The intent of this cache is to introduce you to not too distant historical event. Near the cache you will find the final resting place of Judge John Cheney and Police Chief Sam Salisbury. July Perry is within eyesight of them.
Prior to 1920, Ocoee, FL had two black neighborhoods. Methodist Quarters and Baptist Quarters.
The U.S. Senate election of 1920 produced a violent chapter in Ocoee's history. One candidate was Republican judge John M. Cheney, who was encouraging black voter registration in Ocoee. On the Sunday before the election, the Ku Klux Klan staged a silent march through Winter Garden and Orlando to warn blacks to stay away from the polls.

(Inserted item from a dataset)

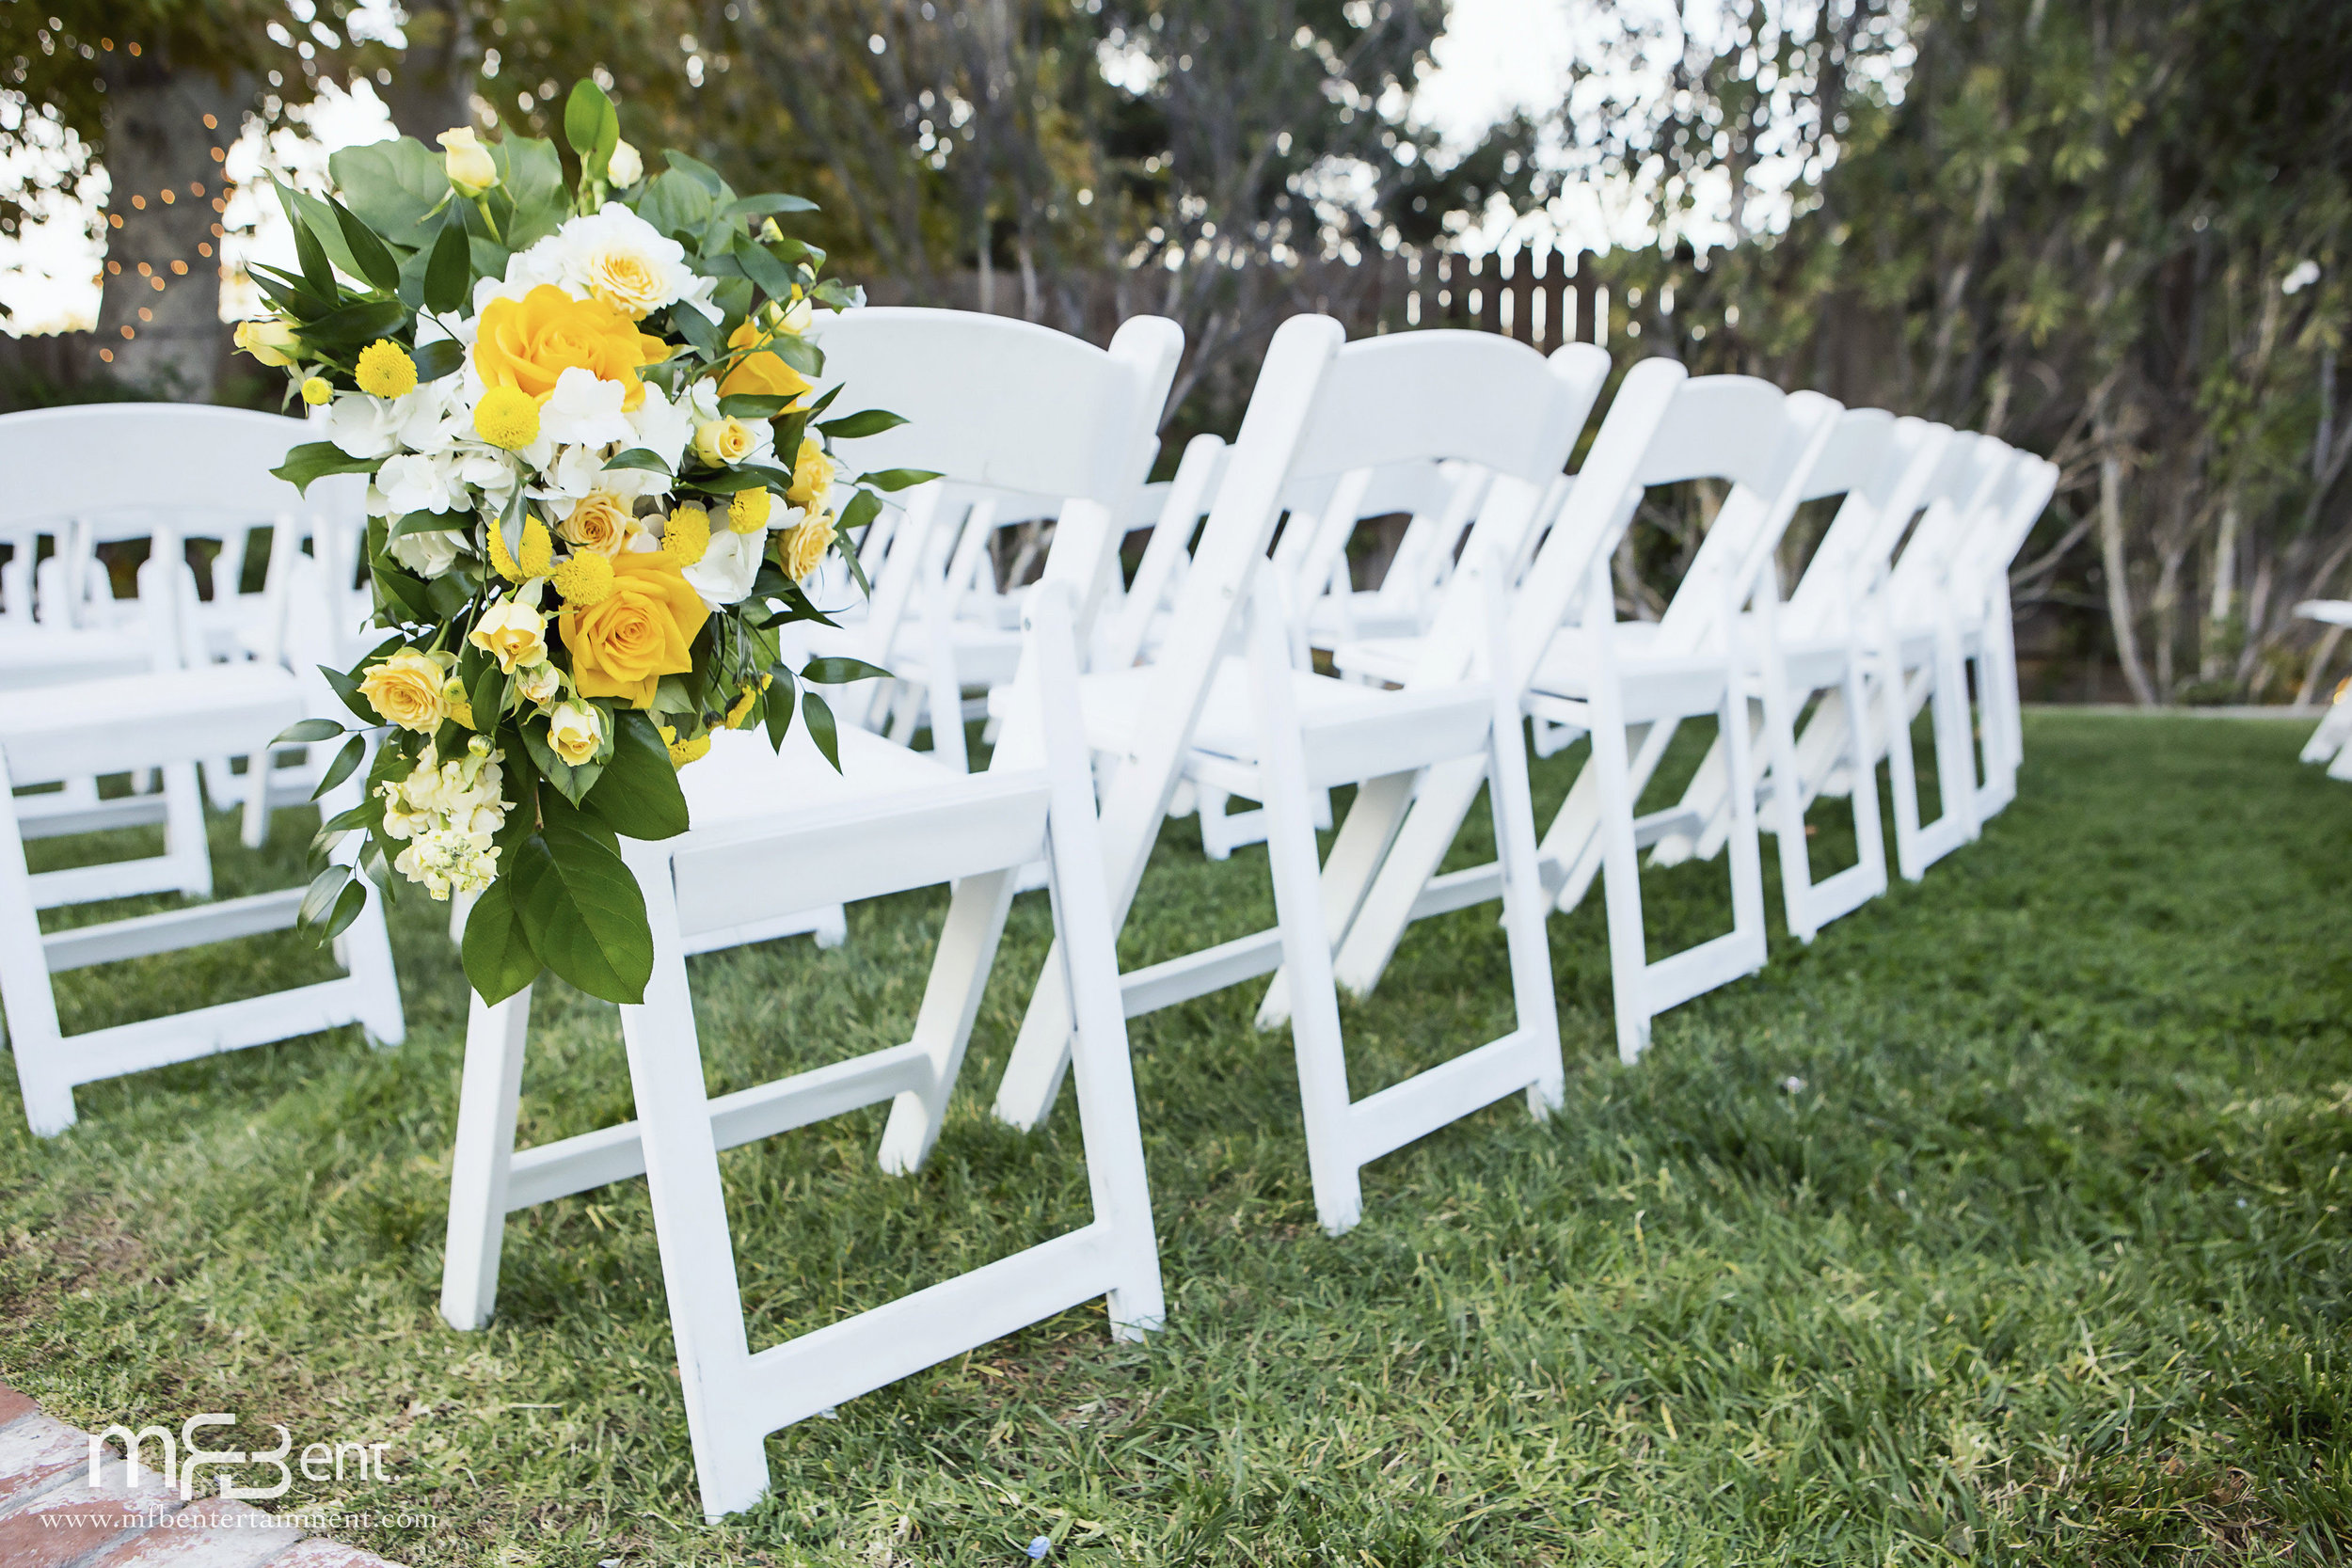 PIOTR CHELSEA WEDDING-CEREMONY-0005 L.jpg

Mose Norman, black Ocoee farmer, was turned away from the polls(N28.34.091 / W081.32.798)when he showed up to vote. He returned with a shotgun, but was disarmed and beaten. He then went to the home of his neighbor July Perry (N28.34.779 / W081.33.064), an influential and respected black landowner. Perry obtained a note from Cheney stating that he and Norman were eligible to vote.

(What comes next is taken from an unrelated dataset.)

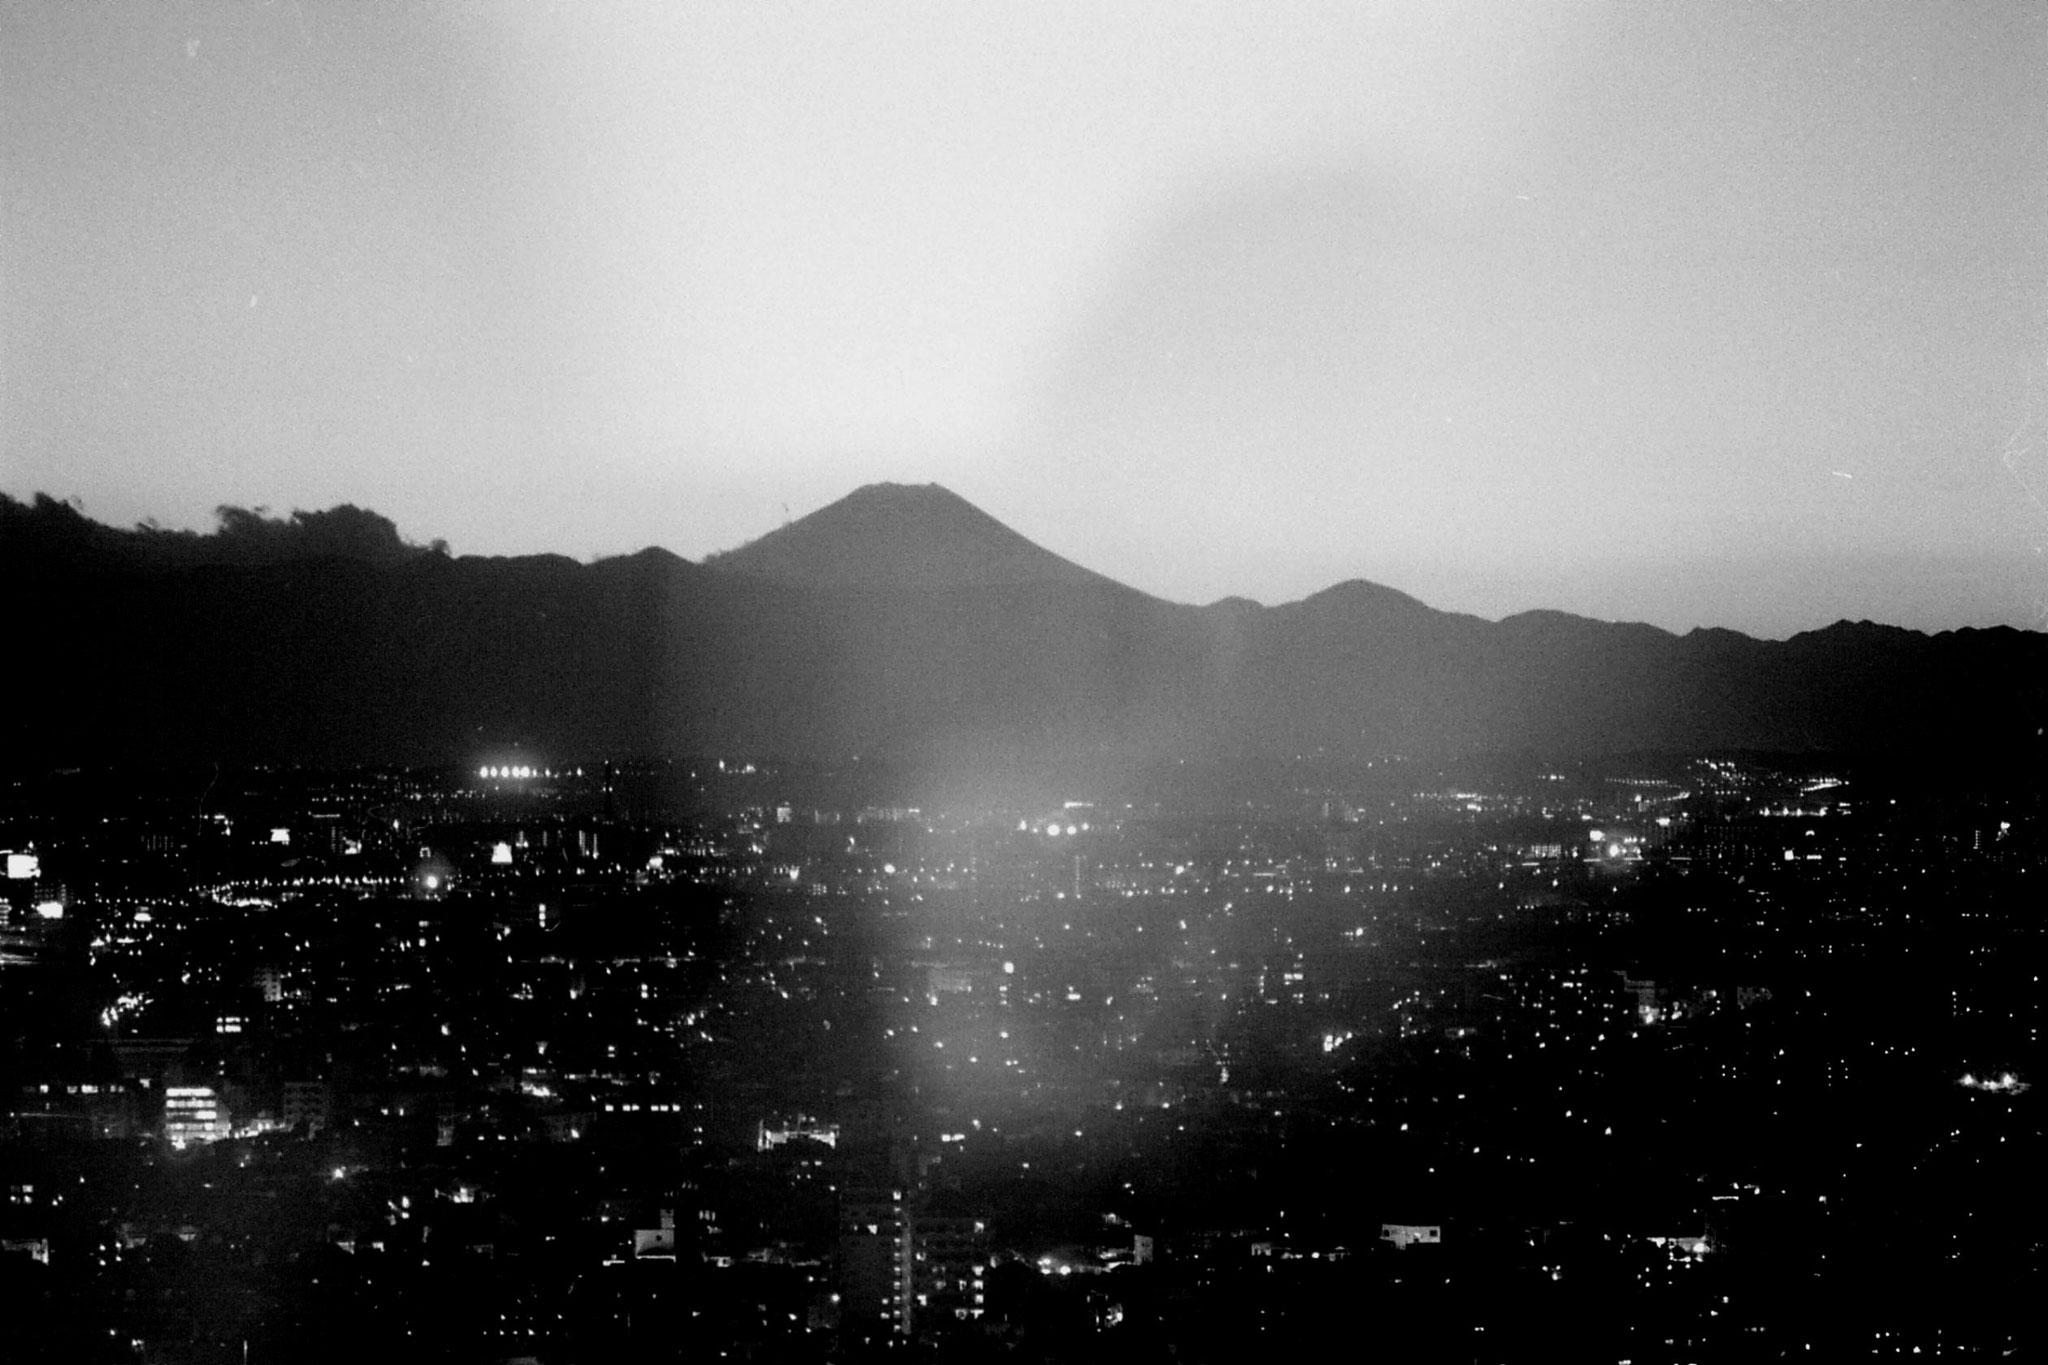 28/12/1988: 26: Mt Fuji from Tokyo

A group of white men came with Orlando Police Chief Sam Salisbury to arrest Perry. When they burst into Perry's home two of the white men were killed. Perry, who was badly wounded, was arrested and jailed in Orlando, where a mob broke in and lynched him not far from Cheney's home by the Orlando Country Club.
In Ocoee, whites burned down black homes, churches and businesses. Many blacks were killed, and by the end of the day, most of the rest left. By 1921, only 17 black residents remained. In 1925, there were none, and Ocoee had no black population for about the next 50 years.
Perry's grave was only recently marked (N28.32.040 / W81.21.514). Judge John Cheney (N28.31.974 / W081.21.552) and Orlando Police Chief Salisbury’s (N28.31.970 / w081.21.531) remains rest in the same cemetery. All of the key players are now together forever!